● Work to complete:
An exact copy of the data is required. No picture may appear in it.

● Data extract:
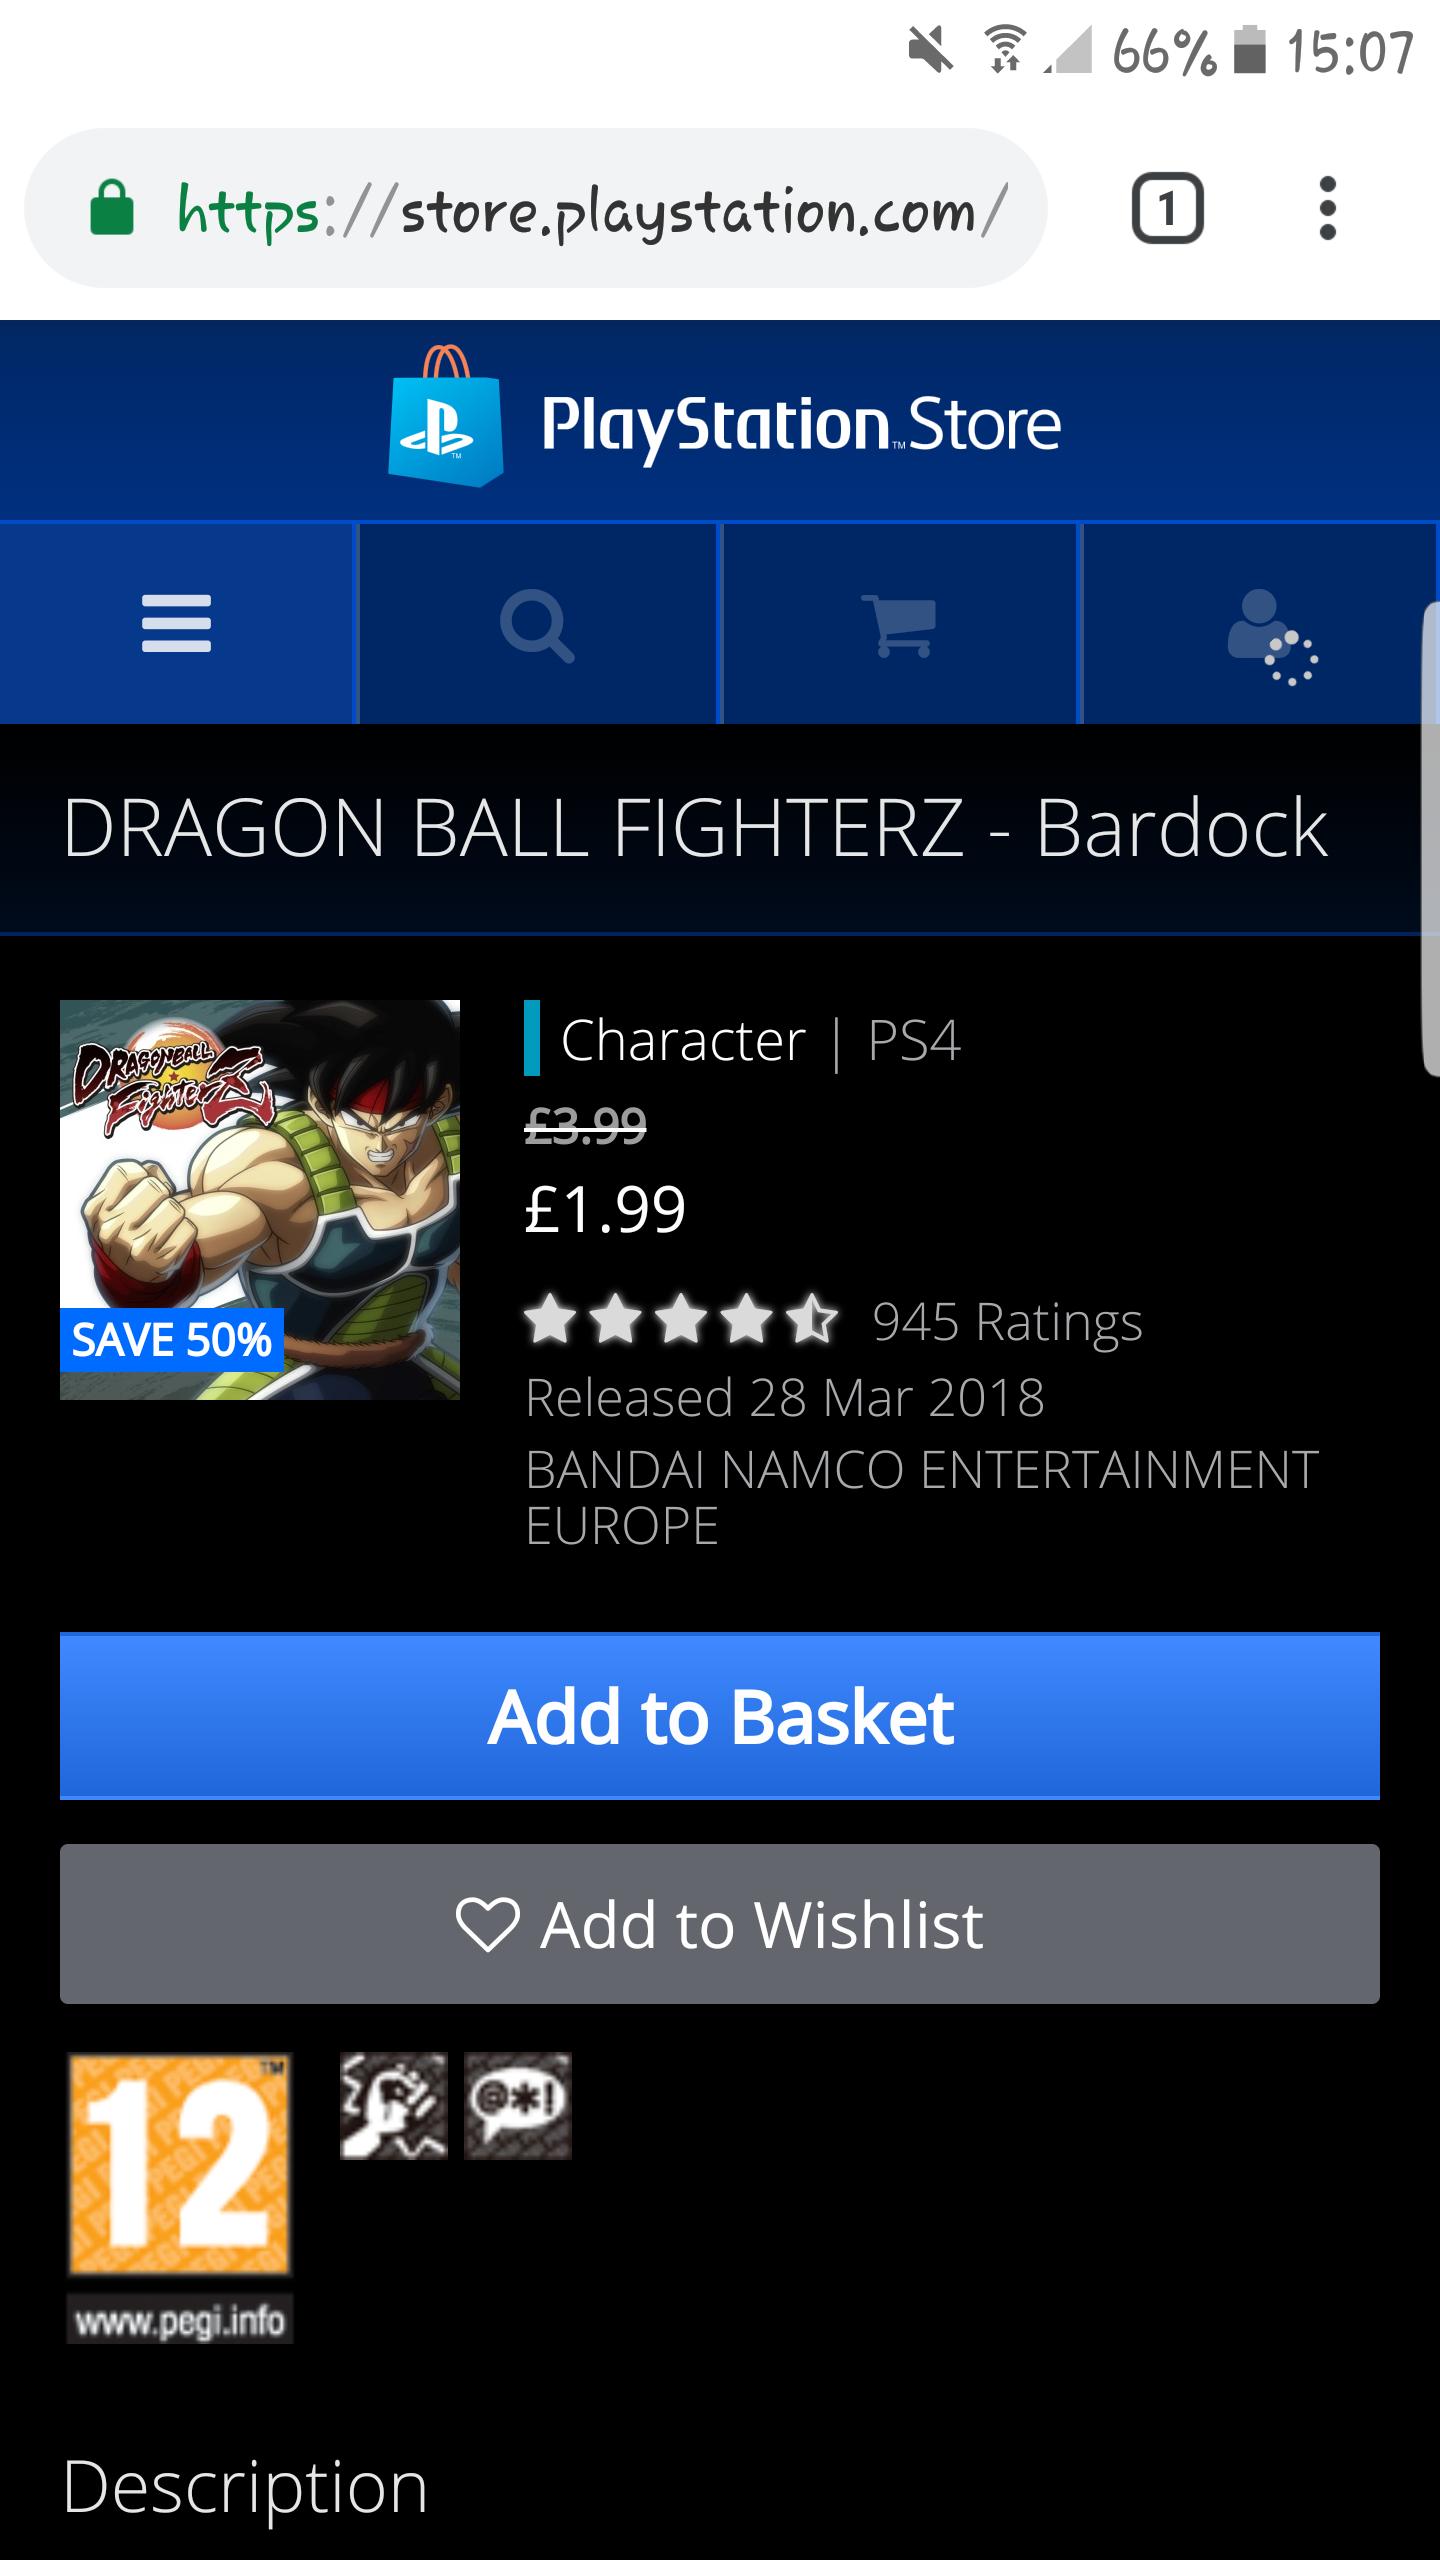 Dragon Ball FighterZ DLC Half Price Selected Characters (Broly, Bardock, Vegito and Zamasu) £1.99 @ PSN
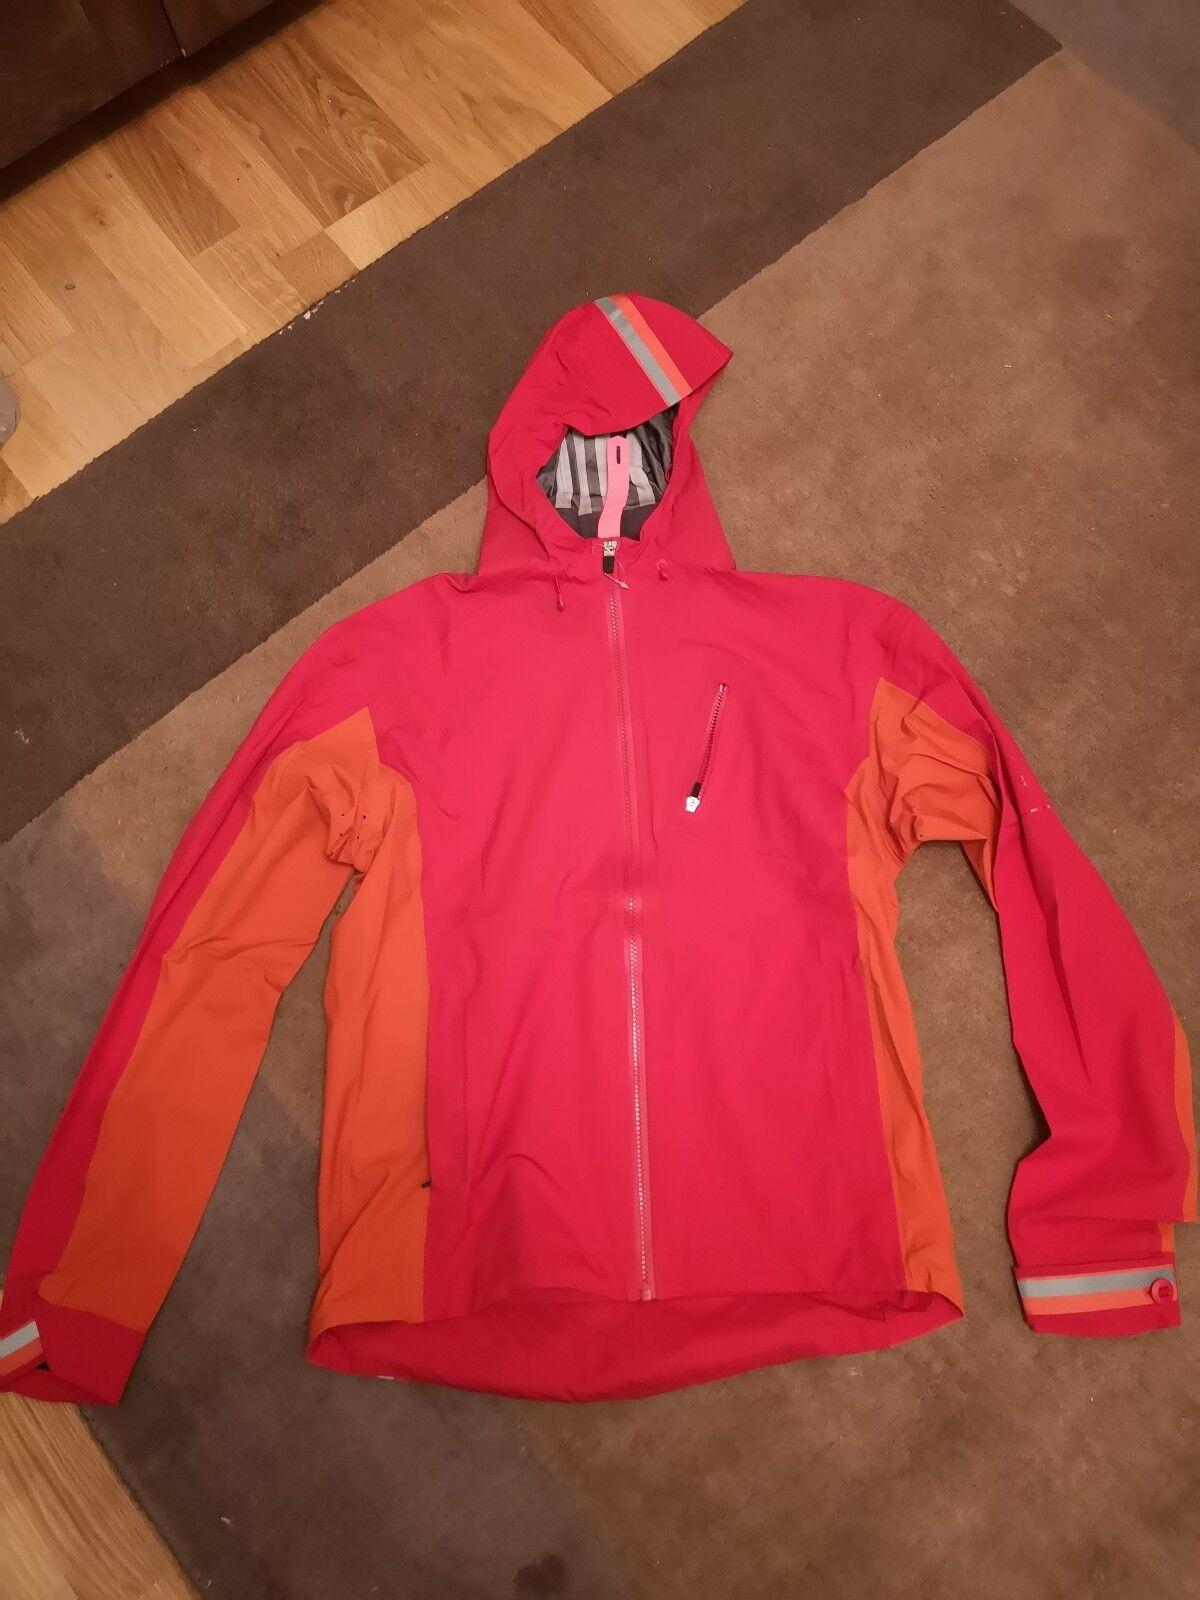 New RAPHA Hooded Rain Jacket Größe M Rrp  stc7650
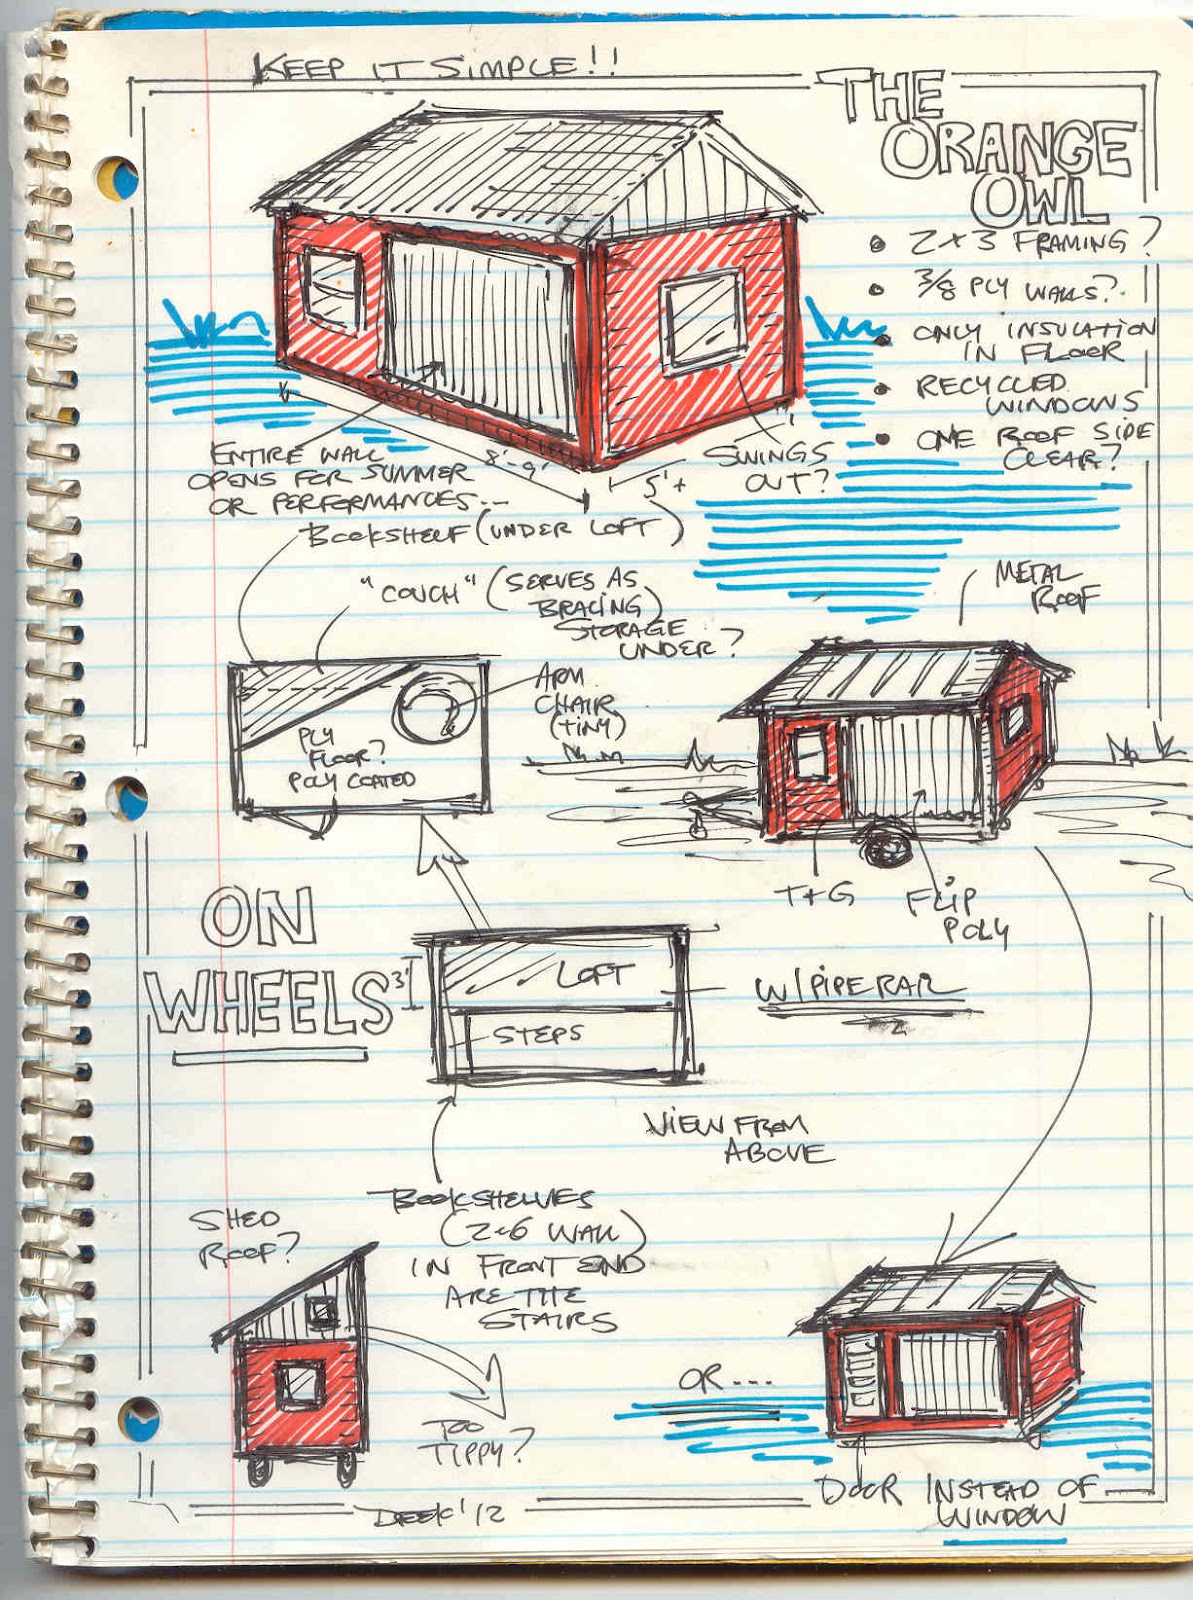 The Orange Owl Tiny House

● Written reply:
 Dragon Ball FighterZ DLC Half Price Selected Characters (Broly, Bardock, Vegito and Zamasu) £1.99 @ PSN
 New RAPHA Hooded Rain Jacket Größe M Rrp  stc7650
 The Orange Owl Tiny House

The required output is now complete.